Even if Duterte is convicted, the ICC’s appellate process introduces another layer of unpredictability. The Appeals Chamber can overturn verdicts based on legal or factual errors, as seen in the case of Jean-Pierre Bemba, a Congolese politician whose 2016 conviction was reversed in 2018 due to flawed legal reasoning. Conversely, an acquittal could also be appealed by the prosecution, though the threshold for overturning an acquittal is high. The case of Laurent Gbagbo, the former president of the Ivory Coast, illustrates this; his acquittal was appealed but ultimately upheld in 2021.

For Duterte, this means that a trial verdict — whether guilty or not guilty — would not necessarily be final. Given the ICC’s past reversals, both conviction and acquittal remain possibilities until the appellate process is exhausted.

A Man Alone: Duterte’s Lack of International Support Could Seal His Fate

International dynamics can significantly influence ICC trials. When there is broad support for accountability, the ICC often receives more cooperation, intelligence, and resources. Duterte’s drug war was widely condemned by human rights organizations and Western governments, suggesting a favorable environment for prosecution. Organizations like Amnesty International have framed his arrest as a victory for justice, and key global actors have not opposed the case.

In Duterte’s case, however, there are few international defenders of the brutal drug war tactics, so direct political opposition to the ICC process is limited.
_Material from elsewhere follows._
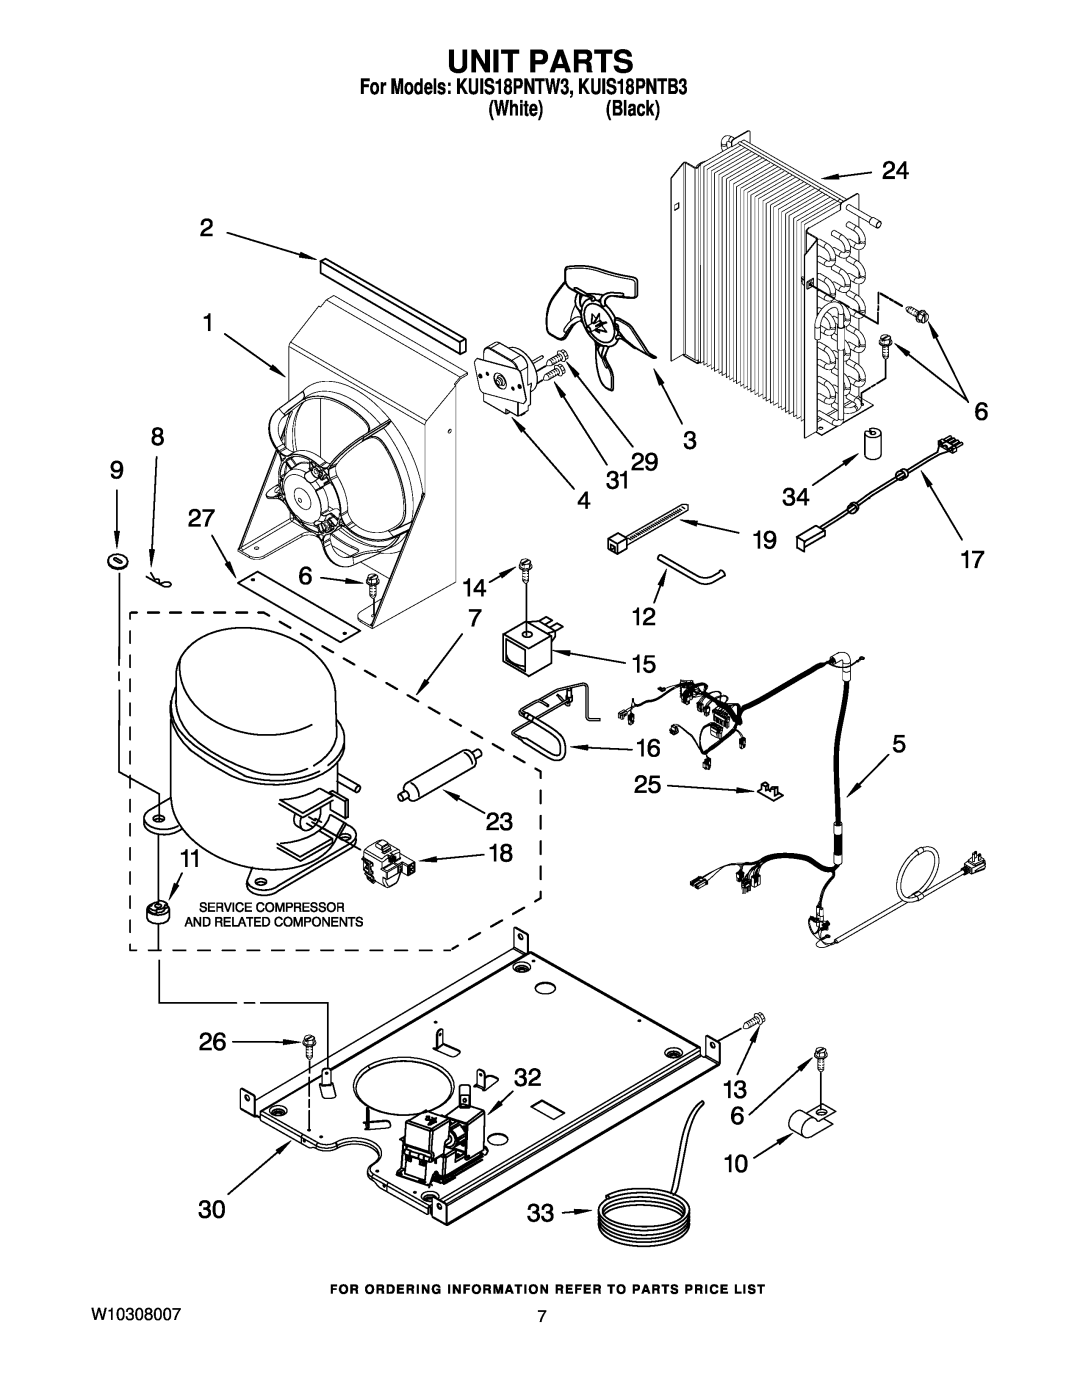 KitchenAid manual Unit Parts, For Models KUIS18PNTW3, KUIS18PNTB3 White Black 
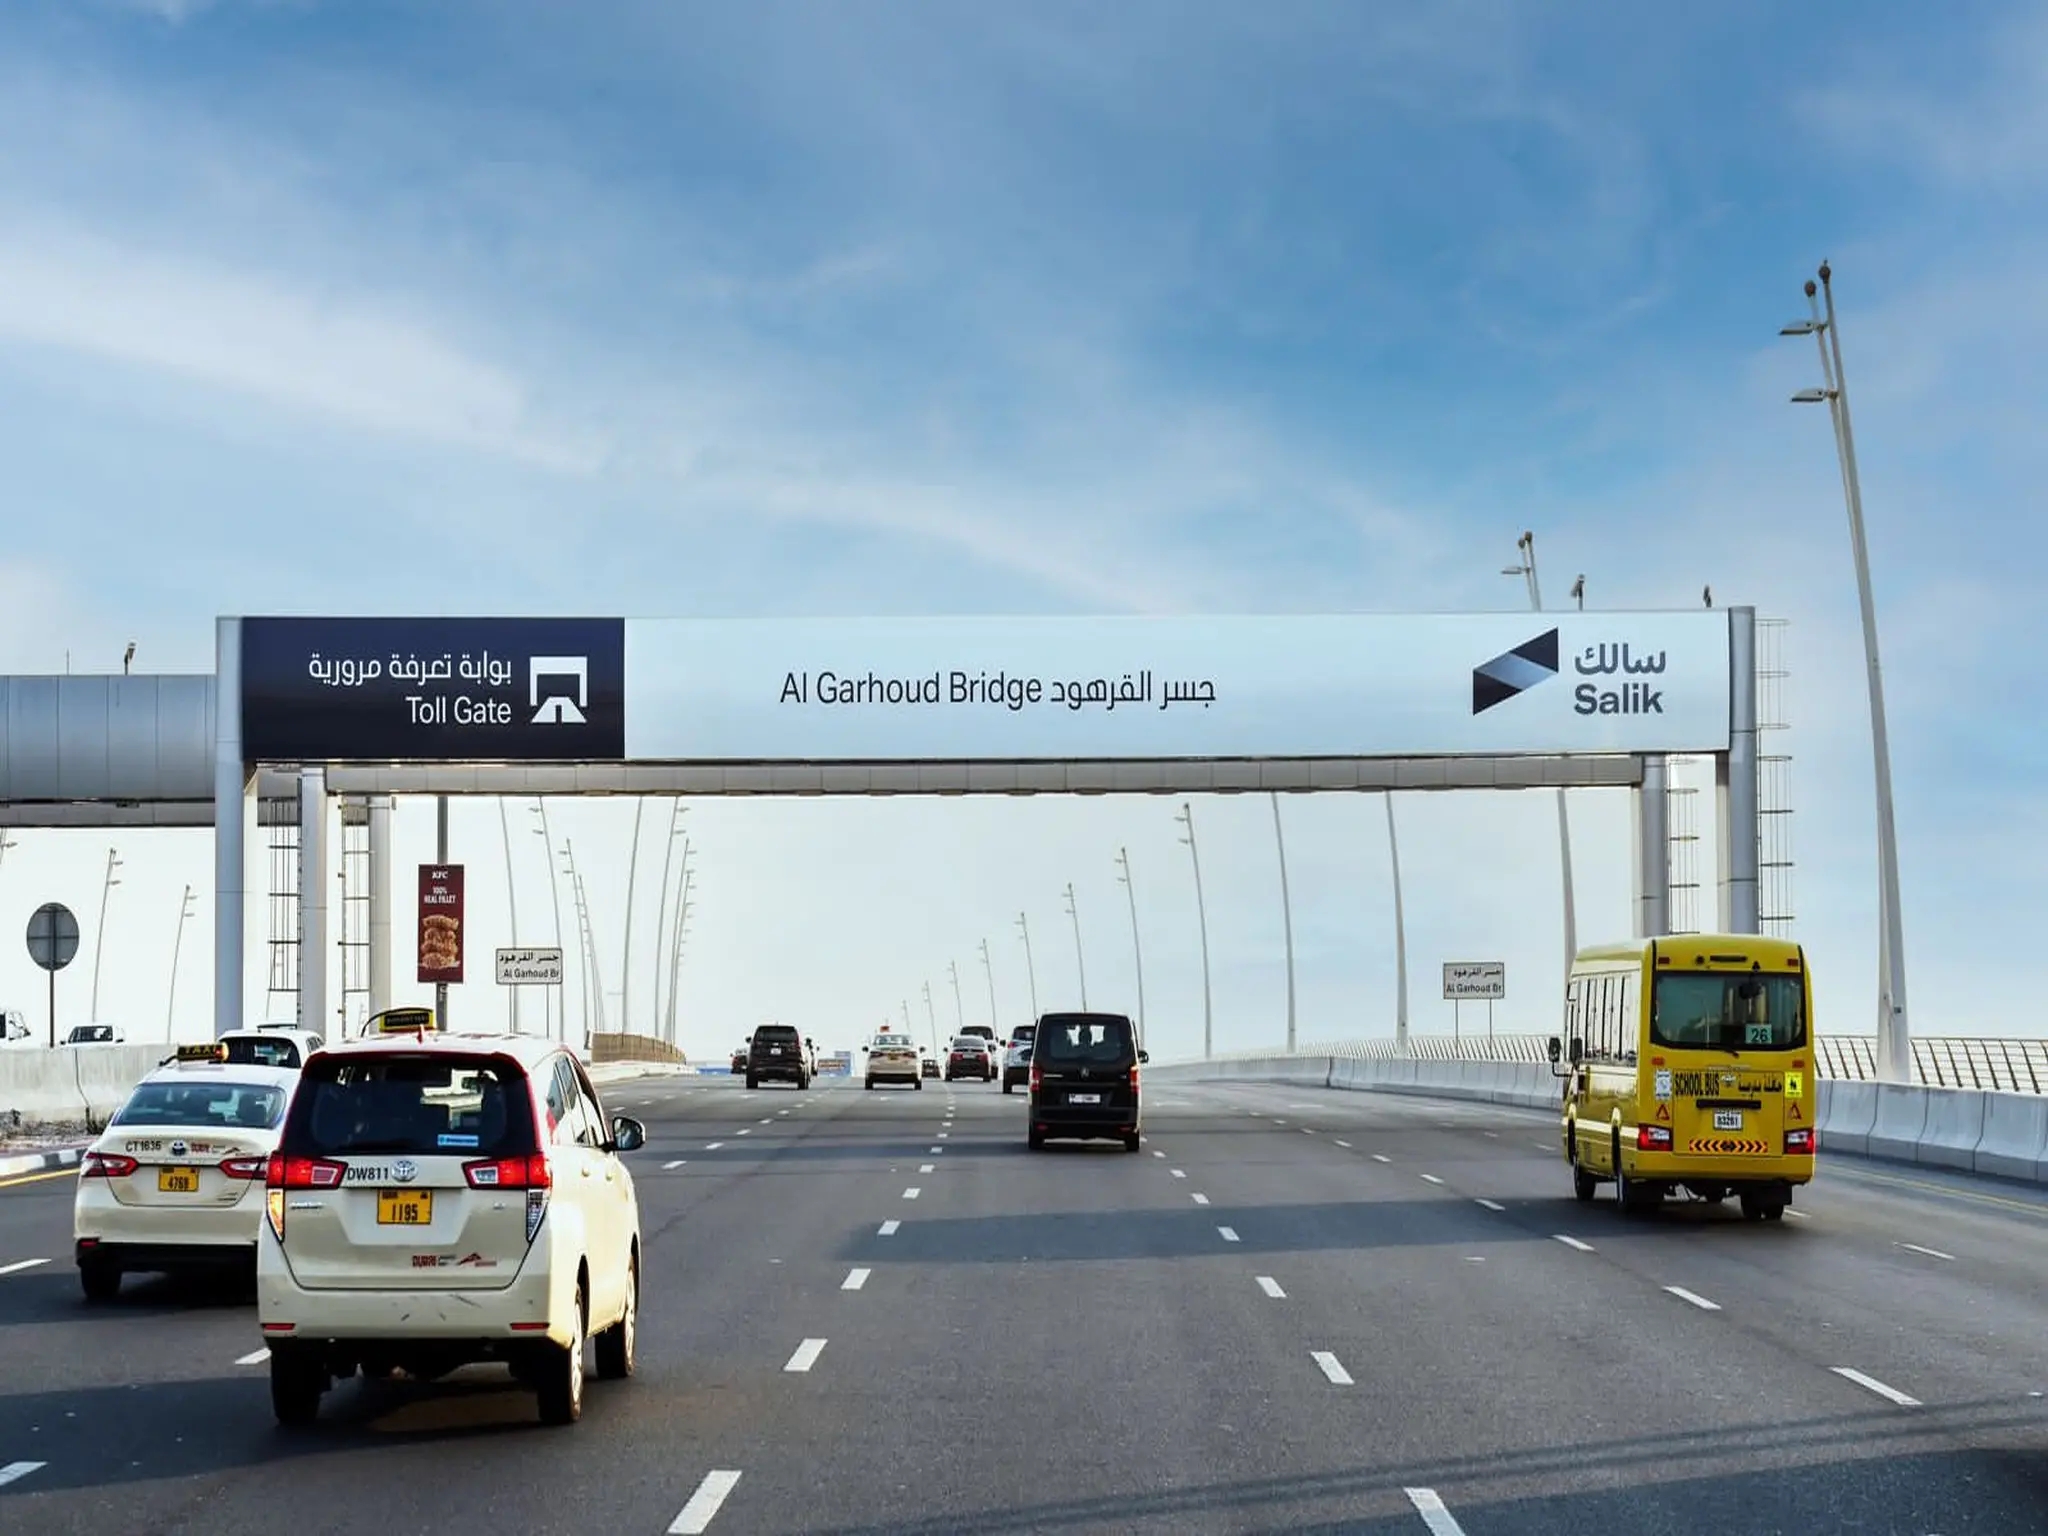 طرق دبي تعلن عن إضافة بوابات سالك جديدة في الطرق الرئيسية في دبي

The U.S., while not an ICC member, has signalled more openness to ICC initiatives in recent years after previously being hostile, and U.S. officials have also criticized Duterte’s abuses in the past. Regional neighbours in Asia traditionally have been sceptical of the ICC, but they have not rallied to Duterte’s defence in any significant way. All this suggests that international geopolitical currents are generally favourable to the ICC holding Duterte accountable.

This stands in contrast to cases like Russian President Vladimir Putin’s ICC indictment, where geopolitical divisions have complicated enforcement. Unlike Putin, Duterte lacks powerful international backers. While China maintained close ties with him during his presidency, it is unlikely to intervene on his behalf, given his diminished political relevance.

A Trial with Far-Reaching Consequences: The ICC’s Institutional Stakes

Duterte’s ICC trial is not just about one former leader but a test of the ICC’s ability to hold high-profile figures accountable. The ICC, as an institution, is aware of its track record and the political environment. High-profile failures like the collapse of the Kenya cases and the Gbagbo acquittal have been embarrassing for the prosecutor’s office and have drawn criticism about the ICC’s effectiveness in prosecuting powerful figures. The current ICC Prosecutor, Karim Khan, would not have sought Duterte’s arrest without confidence in the strength of the case. A conviction would reinforce the ICC’s deterrent power, while an acquittal might be perceived as another institutional failure.

While past ICC cases suggest conviction is far from guaranteed, Duterte lacks the geopolitical shields that have protected other leaders. Regardless of the verdict, this case will shape perceptions of the ICC’s effectiveness, the future of international justice in Asia, and the broader debate over accountability for human rights abuses.

 

 

Dr Kristian Alexander is a Senior Fellow and Lead Researcher at the Rabdan Security and Defence Institute (RSDI), Abu Dhabi, UAE.